Where Whale and Buildings Meet – Digitized Data
Digitized Data in the Realms of Paleontology and Architecture

Dan Edleson, Principal of STEREO, a company specializing in digitizing existing buildings, has written an exciting new story looking into ways technologies used for preserving buildings could translate into the field of Paleontology. In this article Dan not only explores what it would mean to create a WIM (Whale Information Model) but also how the AEC industry could learn from the innovations in other industries and how they are leveraging scan data.
In early 2005 I walked across an ocean floor housing some of the largest creatures in the history of planet Earth. I was accompanied by two other college age explorers, a pair of Brits I had bestowed with the thoroughly American nicknames Ty Cobb and Cy Young. Covered in desert dust we habitually downed swigs from the water-filled canteens draped across our shoulders, trekking through cavernous passes and taking refuge in the shadows. We never saw a single whale.
Sometime between six and nine million years ago the waters of the Atacama receded, trapping the marine life that had flourished there. It exists today in what is termed a “rain shadow” due to unaccommodating winds from both directions. The once proud ocean has become the driest place on earth, so dry that the soil has been found to have similarities to Mars and NASA frequently uses the area to test its rovers. Long after the last whale, the Atacameño arrived, then mere millennia later the land was claimed by the independent nation of Bolivia before being usurped by Chile. Since the early 1990s the population has grown over 75%, primarily due to a booming tourism industry based on numerous opportunities for trekking and climbing what was once deep waters. With people have come roads. Many miles of desert land have been excavated, in the process uncovering some of the most astounding whale skeletons on earth.

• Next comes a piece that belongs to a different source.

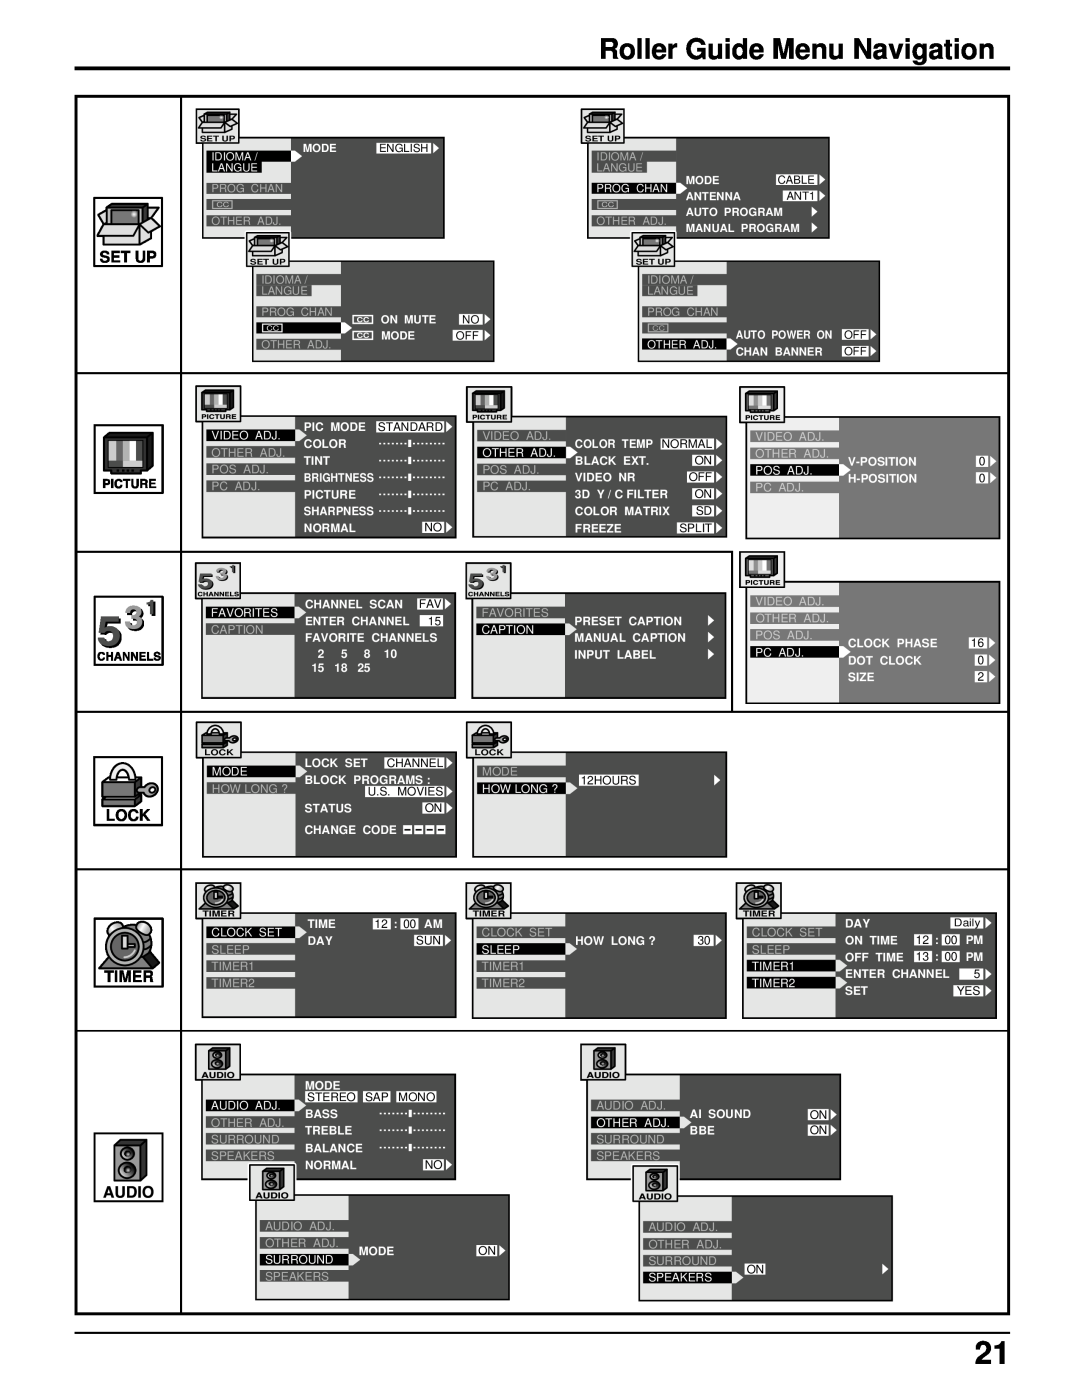 Panasonic PT 52DL52 manual Roller Guide Menu Navigation, Set Up, Lock, Timer, Idioma, Langue, Prog Chan, Other Adj, Pc Adj

I learned about these magnificent bones while listening to the book Spying on Whales by Nick Pyenson, a leading paleontologist at the Smithsonian. While it was fascinating to learn that whales once walked on land—at one point they looked like giant dogs and then for reasons unknown adapted back to life in water—as an Architectural professional involved in utilizing 3D laser scans for building documentation the most intriguing piece of information was that Pyenson and his crew employed 3D laser scanning and photogrammetry to record the site layout and catalog the bones. I quickly became curious as to whether the original scan data was the final step or if further parsing was done to apply metadata and structure to the billions of digital points.
I see this often with the work I do with Building Information Models (BIM) for Architecture and Structural Engineering: a laser scan gives you fantastically accurate information, but it is merely a hologram. You can look at it but can’t really interact with it in a coherent way until some form of translation is done. The typical process I take is to bring the raw scan data into a BIM program –I use Autodesk’s Revit, which is an industry standard – and start translating the points into more tangible objects the software understands such as windows, walls and doors. Once I have translated things thoroughly they are now tangible “things” I can attach metadata to, such as the manufacturer specs of a door, the material composition of a wall, or anything custom I wish to add such as the cost per unit of a piece of furniture.